Recorded data START

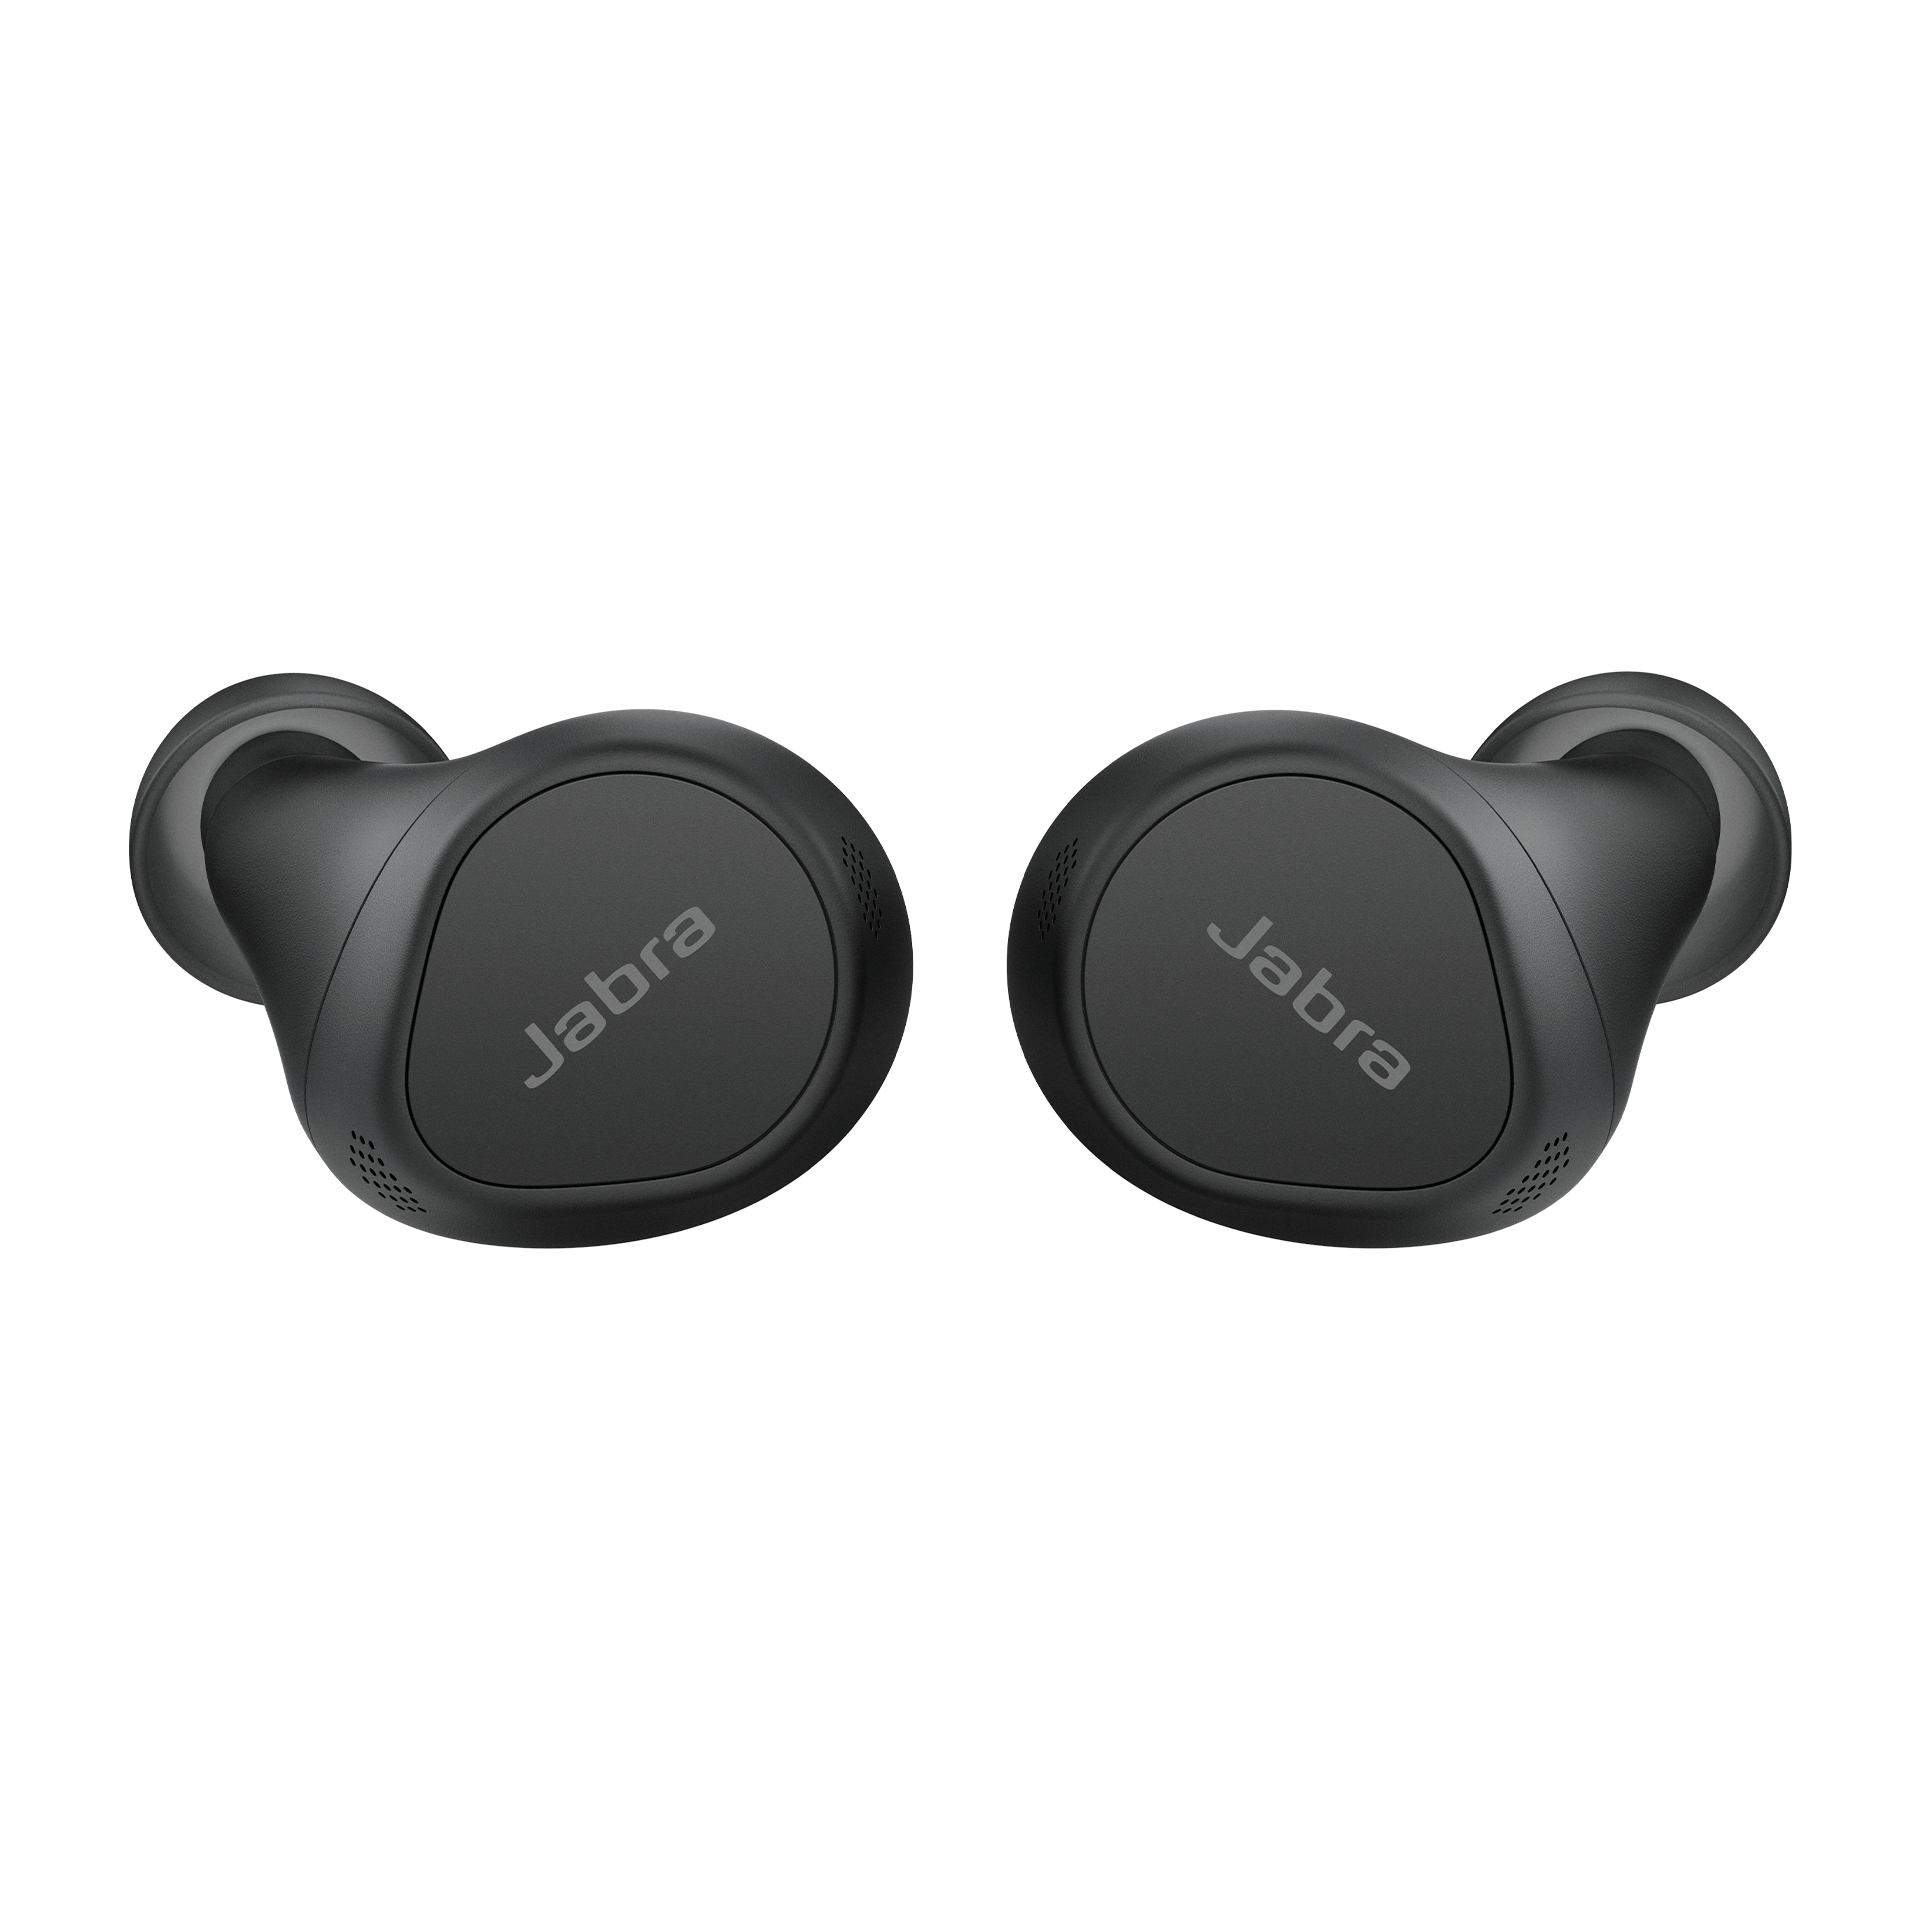 Jabra Elite 7 Pro Replacement Earbuds - Black
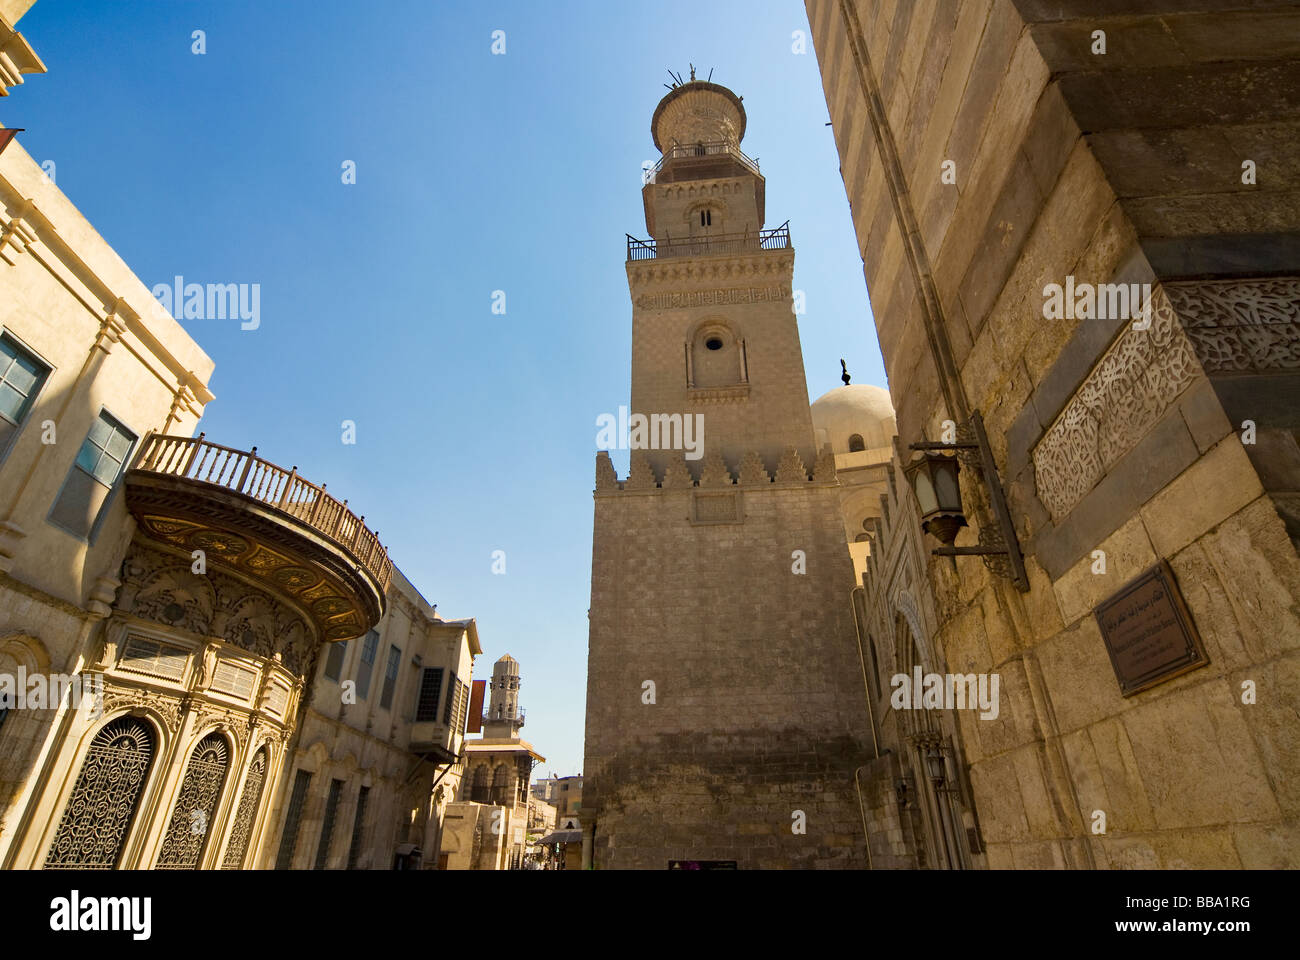 Minaret of Sultan Bu Nassir Coranic School and Sultan Barquq Palace Khan El Khalili Cairo Egypt North Africa Africa Stock Photo
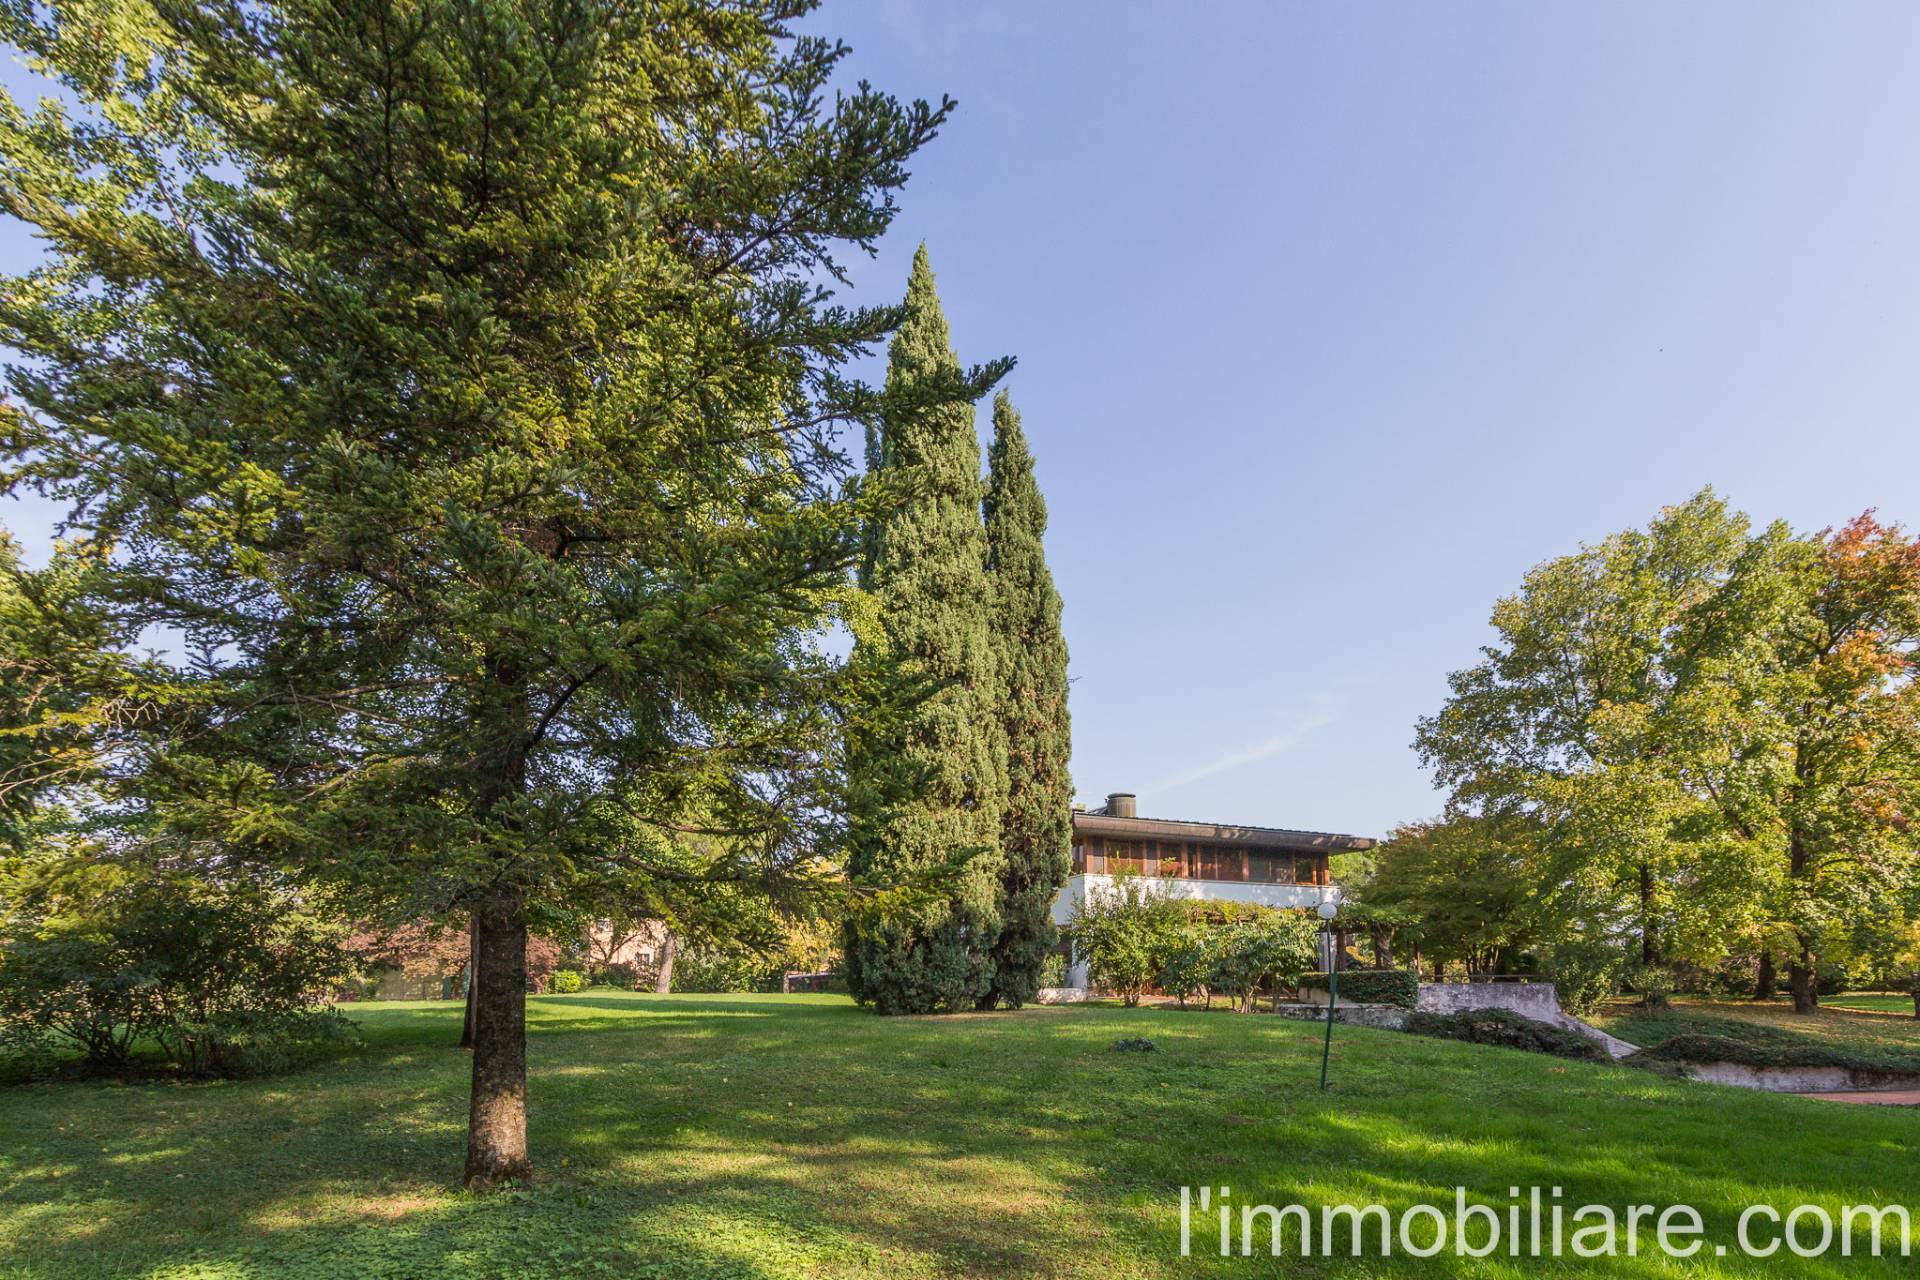 Villa in Vendita a Verona: 5 locali, 468 mq - Foto 8

Recorded data END

Aim of the task –
Return the listing unchanged, but drop every picture.

Reply to the exercise –
 Jabra Elite 7 Pro Replacement Earbuds - Black
 Minaret of Sultan Bu Nassir Coranic School and Sultan Barquq Palace Khan El Khalili Cairo Egypt North Africa Africa Stock Photo
 Villa in Vendita a Verona: 5 locali, 468 mq - Foto 8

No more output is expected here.